Section: Application Domains

Safe Distributed Computations

Participants : Vincent Danjean, Thierry Gautier, Clément Pernet, Jean-Louis Roch.

Large scale distributed platforms, such as the GRID and Peer-to-Peer computing systems, gather thousands of nodes for computing parallel applications. At this scale, component failures, disconnections (fail-stop faults) or results modifications (malicious faults) are part of operation, and applications have to deal directly with repeated failures during program runs. Indeed, since failure rate in such platform is proportional to the number of involved resources, the mean time between failure is dramatically decreased on very large size architectures. Moreover, even if a middleware is used to secure the communications and to manage the resources, the computational nodes operate in an unbounded environment and are subject to a wide range of attacks able to break confidentiality or to alter the resources or the computed results. Beyond fault-tolerancy, yet the possibility of massive attacks resulting in an error rate larger than tolerable by the application has to be considered. Such massive attacks are especially of concern due to Distributed Denial of Service, virus or Trojan attacks, and more generally orchestrated attacks against widespread vulnerabilities of a specific operating system that may result in the corruption of a large number of resources. The challenge is then to provide confidence to the parties about the use of such an unbound infrastructure. The MOAIS team addresses two issues:

  • fault tolerance (node failures and disconnections): based on a global distributed consistent state , for the sake of scalability;

  • security aspects: confidentiality, authentication and integrity of the computations.

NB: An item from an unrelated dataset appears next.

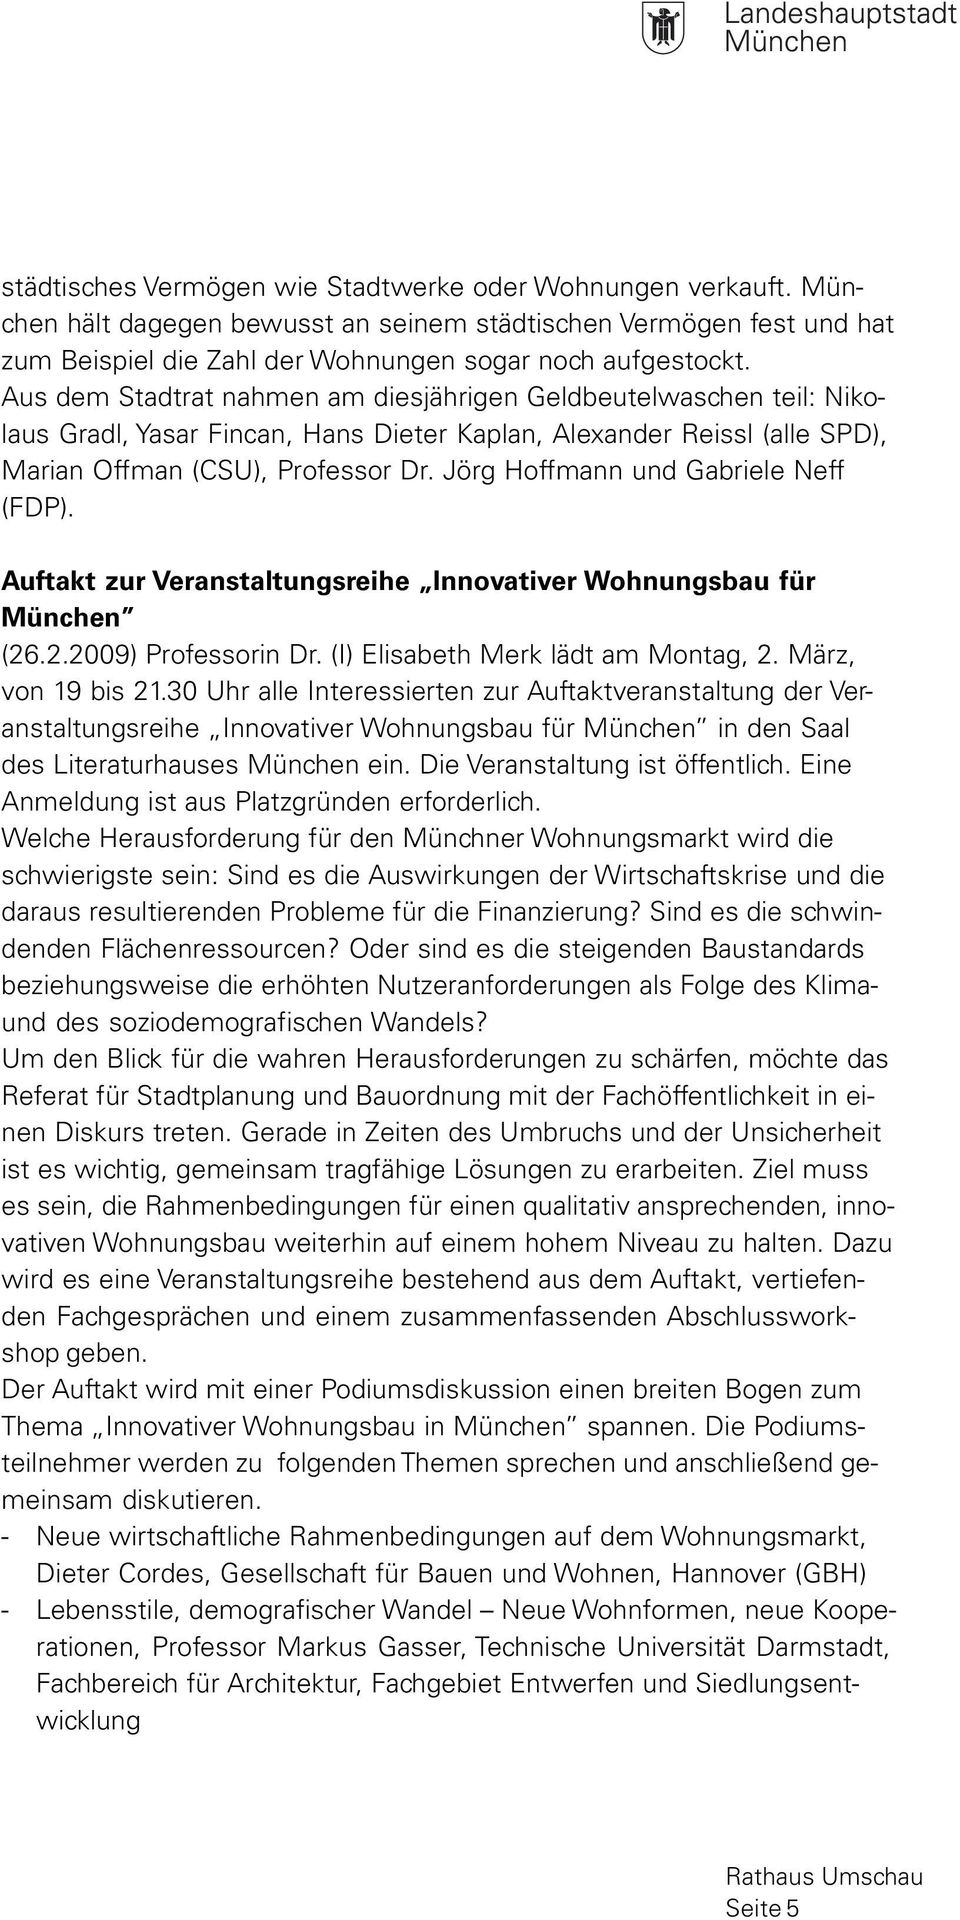 Jörg Hoffmann und Gabriele Neff (FDP). Auftakt zur Veranstaltungsreihe Innovativer Wohnungsbau für München (26.2.2009) Professorin Dr. (I) Elisabeth Merk lädt am Montag, 2. März, von 19 bis 21.

Our approach to solve those problems is based on the efficient checkpointing of the dataflow that described the computation at coarse-grain. This distributed checkpoint, based on the local stack of each work-stealer process, provides a causally linked representation of the state. It is used for a scalable checkpoint/restart protocol and for probabilistic detection of massive attacks.

Moreover, we study the scalability of security protocols on large scale infrastructures. Within the SHIVA contract (global competitiveness cluster Minalogic in Grenoble) and in collaboration with C-S company, the Ph.D. of Ludovic Jacquin (coadvised with the PLANETE EPI) we developed a high-rate systematic ciphering platform based on the coupling of a multicore architecture with security components (FPGA and smart card) developed by industrial partners.